LONDON — A U.K. judge has allowed the parents of a terminally ill baby to present fresh evidence in their campaign for their son to be allowed to receive experimental treatment.
The case of 11-month-old Charlie Gard has garnered worldwide attention and even drawn comment from President Donald Trump and Pope Francis.
At a hearing at the High Court in London Monday, the child's parents, Chris Gard and Connie Yates, were given until Wednesday to present new evidence with a hearing set for Thursday.
Judge Nicholas Francis said that “there is not a person alive who would not want to save Charlie," in comments reported by NBC News UK affiliate, ITV News.
"If you bring new evidence to me and I consider that evidence changes the situation ... I will be the first to welcome that outcome," Francis added.
Emotions ran high during the hearing with ITV News also reporting that the child’s father yelled at a barrister representing Great Ormond Street Hospital (GOSH), where his son is being treated, “when are you going to start telling the truth?”
Speaking outside the court later Monday, a spokesperson for the parents said: “Baby Charlie and Charlie’s parents, Connie and Chris, are thankful for the outcome of the hearing in the high court today.”
“Charlie’s parents look forward to new evidence being heard before the High Court this Thursday the 13th of July that will result in Charlie’s parents taking him to either the United States of America or to Italy for groundbreaking treatment.
“Mum and Dad say that if Charlie is still fighting then they are still fighting,” the spokesperson added.

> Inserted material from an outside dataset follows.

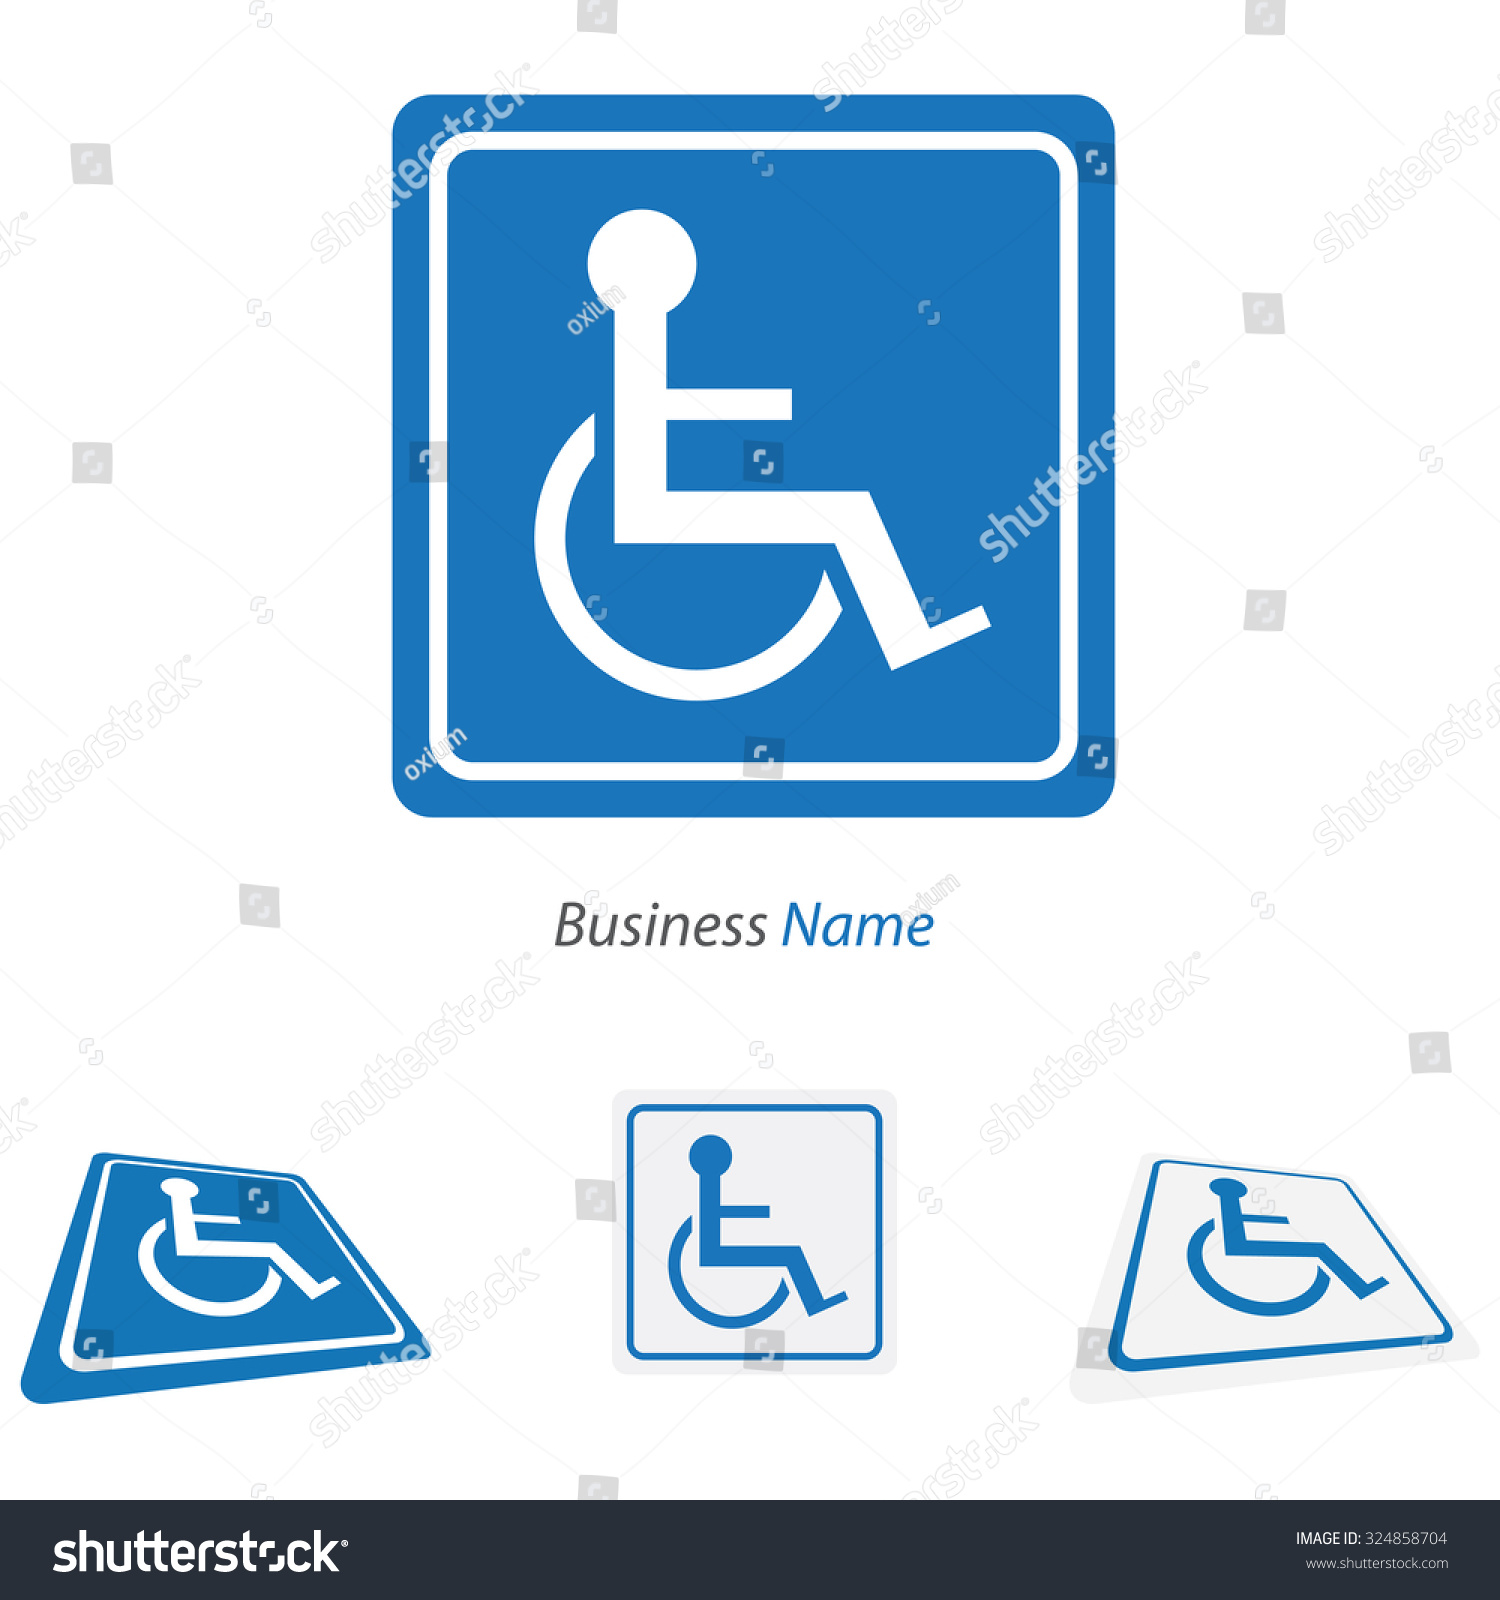 Logo Handicap Stock Vector Illustration 324858704 : Shutterstock

Baby Charlie suffers from a rare genetic condition, an inherited mitochondrial disease generally referred to as MDDS, or mitochondrial DNA depletion syndrome. As a result, he is unable to move his arms or legs or breathe unaided.
The child’s parents have fought to raise $1.8 million to bring him to the United States for experimental treatment they believe could help.
But British and European courts have so far sided with the hospital's decision that the 11-month-old's life support should end, saying therapy would not help and would cause more suffering.
On Friday, however, GOSH said it had applied for a new court hearing "in light of claims of new evidence relating to potential treatment for his condition."
The evidence came from researchers at the Vatican's children's hospital and another facility outside of Britain, AP reported.
Earlier Monday, Yates told BBC Radio 4 BBC Radio 4 early Monday that her son still has a chance of surviving thanks to the intervention of Trump and the pontiff, who turned their fight “into an international issue.”
When asked if it had made all the difference, Yates said that it had “saved his life so far.”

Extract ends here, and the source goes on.